Birju Shah

Personal information
- Nationality: Indian
- Died: 4 September 2022 Jamshedpur, Jharkhand, India

Sport
- Sport: Boxing

Medal record
Men's Boxing
Representing India
Asian Games
| Bronze medal – third place | 1994 Hiroshima | light flyweight |
Commonwealth Games
| Bronze medal – third place | 1994 Victoria | light flyweight |
National Games
| Gold medal – first place | 1993 1994 | light flyweight |
| Bronze medal – third place | 1997 | light flyweight |
| Silver medal – second place | 1999 | light flyweight |

= Birju Shah =

Indian boxer (died 2022)

Birju Shah (died 4 September 2022) was an Indian International boxer who won silver and bronze medals for India in the Asian Games and Commonwealth Games in 1994-95, and medals in National Games.

==Biography==
Birju Shah was born at Jamshedpur, Bihar (now Jharkhand), India.

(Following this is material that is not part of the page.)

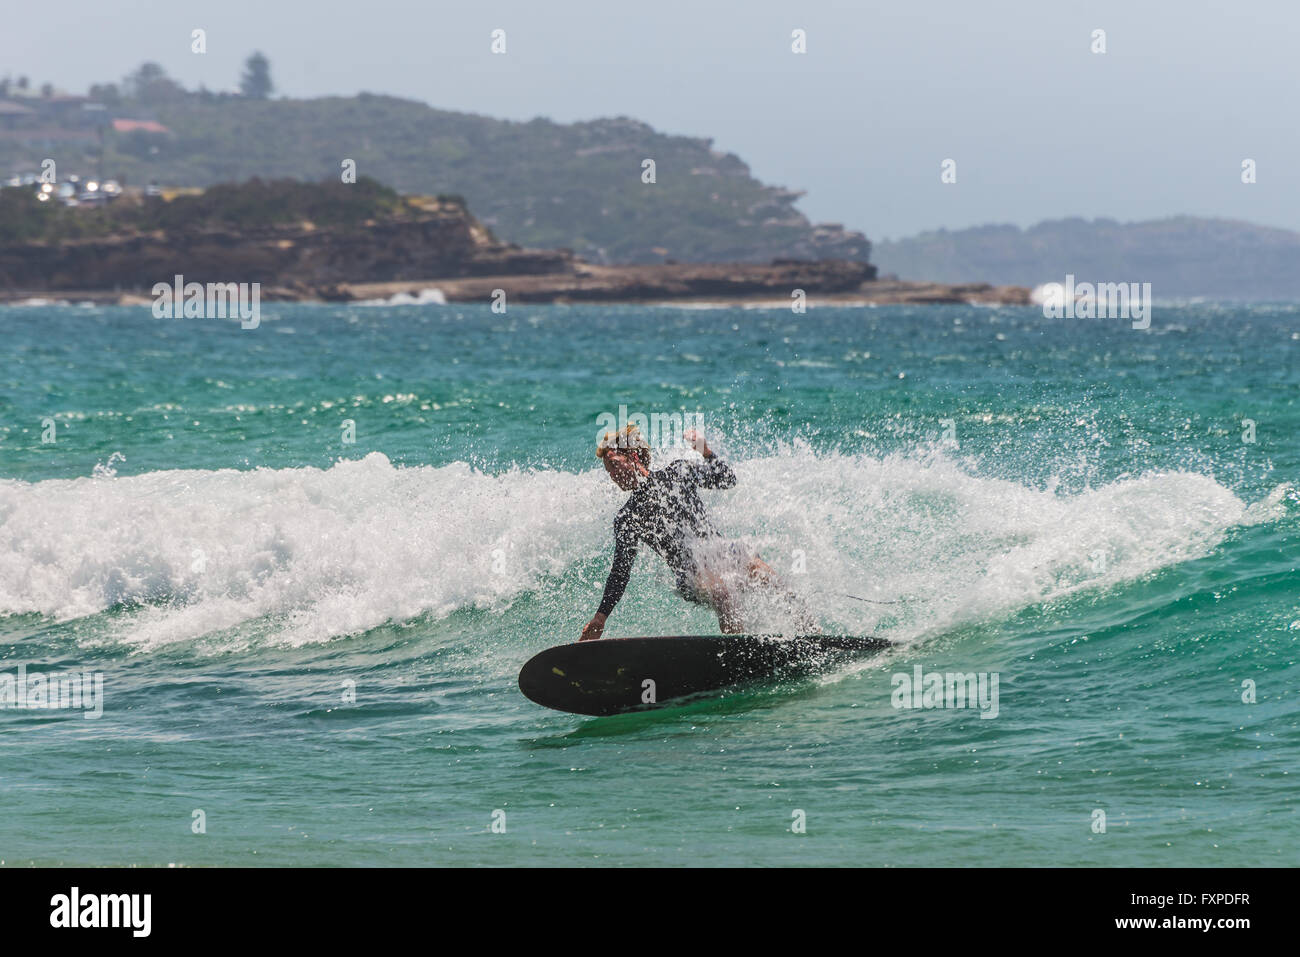 Eine australische Surfer auf der Welle. Sieben Meilen vom Zentrum von Sydney, berühmten Manly beach Stockfoto

Birju Shah represented India as a boxer and had won many Gold, Silver and Bronze medals for India in Asian, Commonwealth Games and international championships. He won Bronze medal in Junior Asian Championships in 1993. Birju won Bronze medals in both Asian Games and Commonwealth Games in 1994. Birju became the country's first boxer to win medals in both Asian Games and Commonwealth Games. He also won Gold medal in YMCA International Championship in 1996 and Bronze medal in International Invitational Championship in 1994 and 1998.

He had also won many medals in national level games played in the country. He won Gold (1993 and 1994), Silver (1999) and Bronze (1997) in National Games and also won Gold medal in national championship in 1995, 1996 and 1998. He had also won Bronze medal in East India Open Championship in 2000.

== Death ==
Birju Shah died on 4 September 2022 at the age of 50 years, at Jamshedpur, Jharkhand. He was suffering from Blood Pressure, Diabetes and liver related disease.